Early access. This feature is in early access, which means it’s undergoing ongoing testing and development while we gather feedback, validate functionality, and improve outputs. Contact the C1 Support team if you’d like to try it out or share feedback.
Audit MCP access in your SIEM
The recommended way to audit MCP access is to stream C1’s events into your SIEM. C1 emits every enterprise-managed authorization and MCP access event to the system log, and the System log exporter forwards them to the SIEM or log store you already use for the rest of your security data.
To set it up, go to Settings > Security > System log > Add exporter and point the exporter at your destination. From then on, every token request C1 records — the fields and status details described below — lands in your SIEM, where you can search, alert, and retain it alongside everything else. See System logs.
C1 recommends this approach for every customer auditing MCP access, not just enterprise tenants. You can also use Read and download system logs to read the same events directly in C1.
What’s recorded
C1 writes one audit event for every token request, whether it’s granted or denied.

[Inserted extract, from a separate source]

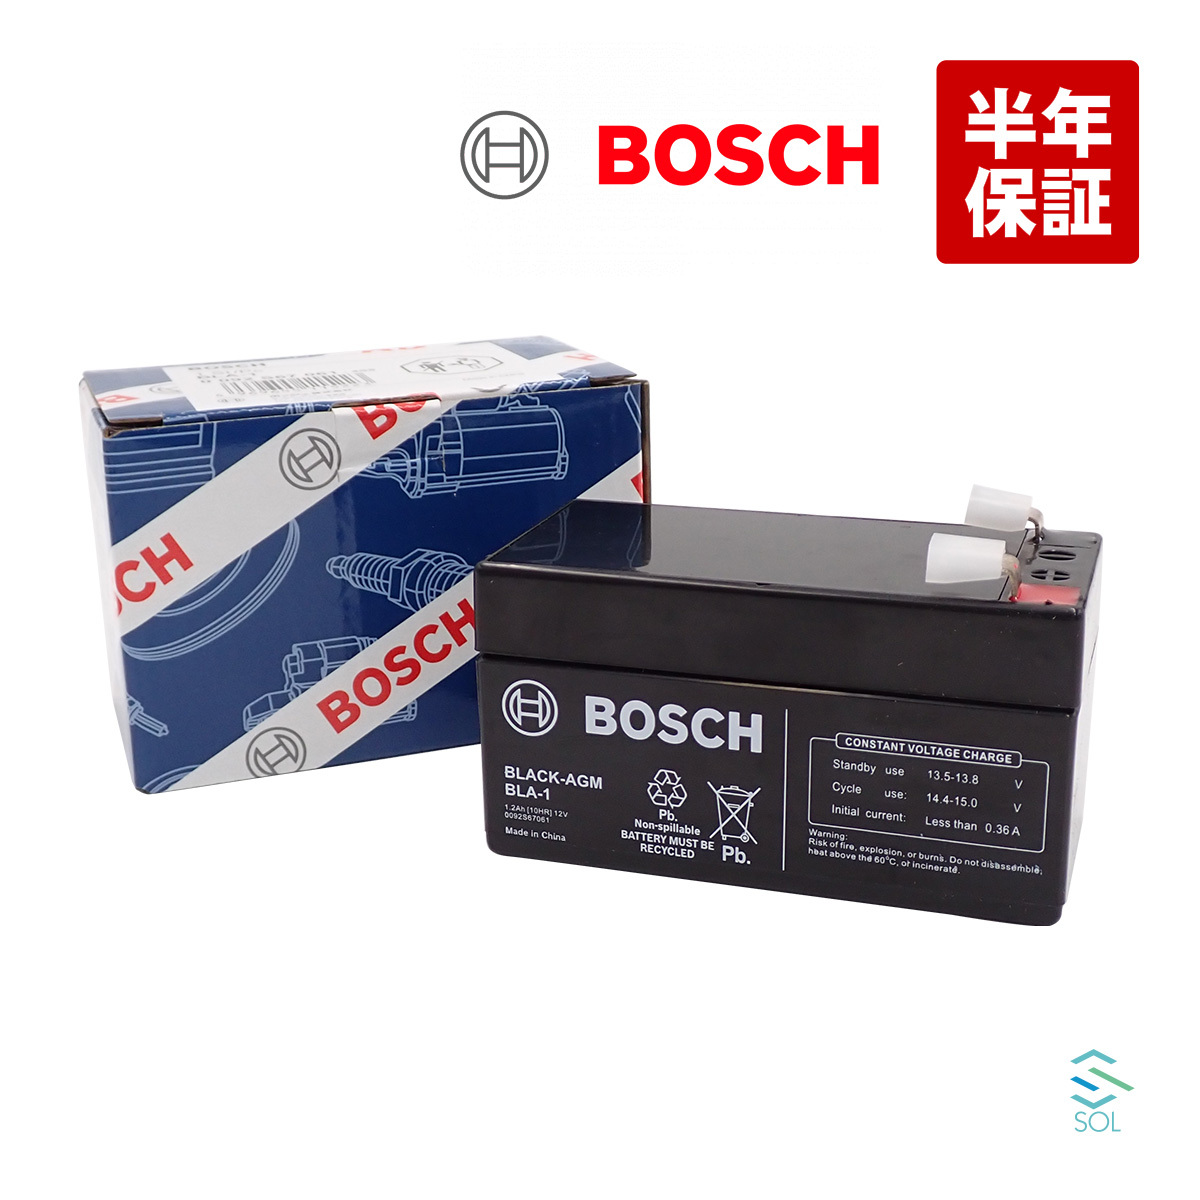 BOSCH製 ベンツ 補機バッテリー サブバッテリー BLA-1 12V 1.2Ah BLACK-AGM バックアップバッテリー Eクラス W212 R230 X204_画像1

Each event records who asked, what they asked for, and what C1 decided.
| Field | What it records |
|---|
| User | The C1 identity the token was requested for |
| Client | The agent’s client that made the request |
| System | The MCP server the token is for (the token’s audience) |
| Scopes | The scopes requested and the per-scope outcome (granted or denied) |
| Token ID | The identifier of the issued token |
| Signing key ID | The key C1 signed the token with |
| Algorithm | The signing algorithm C1 used (ES256 by default) |
| Lifetime | How long the token is valid |
| Status detail | On a denial, the reason the request was denied |
Read a denial
When a request is denied, the status detail names the cause. Use this table to map a status detail to what to fix.
| Status detail | Cause |
|---|
| No grant for the scope | The user does not hold a grant for a requested scope |
| Scope not enabled | The requested scope exists but is not enabled on the system |
| Server paused | The resource server is paused, so no token is issued for it |
| Target URL not registered | The call’s target URL is not registered on the resource server |
| No signing key for the algorithm | No signing key exists for the chosen algorithm |
Debug a signature rejection
A token that C1 issued successfully can still be rejected by the MCP server. When that happens, the audit record for the issuance points to the cause. Check the signing key ID and algorithm columns first: C1 signs with ES256 by default, and if the server’s authorization server expects a different algorithm, it rejects an otherwise valid token. The fix is to set the server’s signing algorithm to one its authorization server verifies.
What C1 sees, and what it doesn’t
C1 records the issuance decision: every token request, granted or denied. It does not see the agent’s later API calls, because those run directly against the MCP server and never pass through C1.
To retain these events long-term and search them alongside the rest of your security data, stream them to your SIEM with the System log exporter.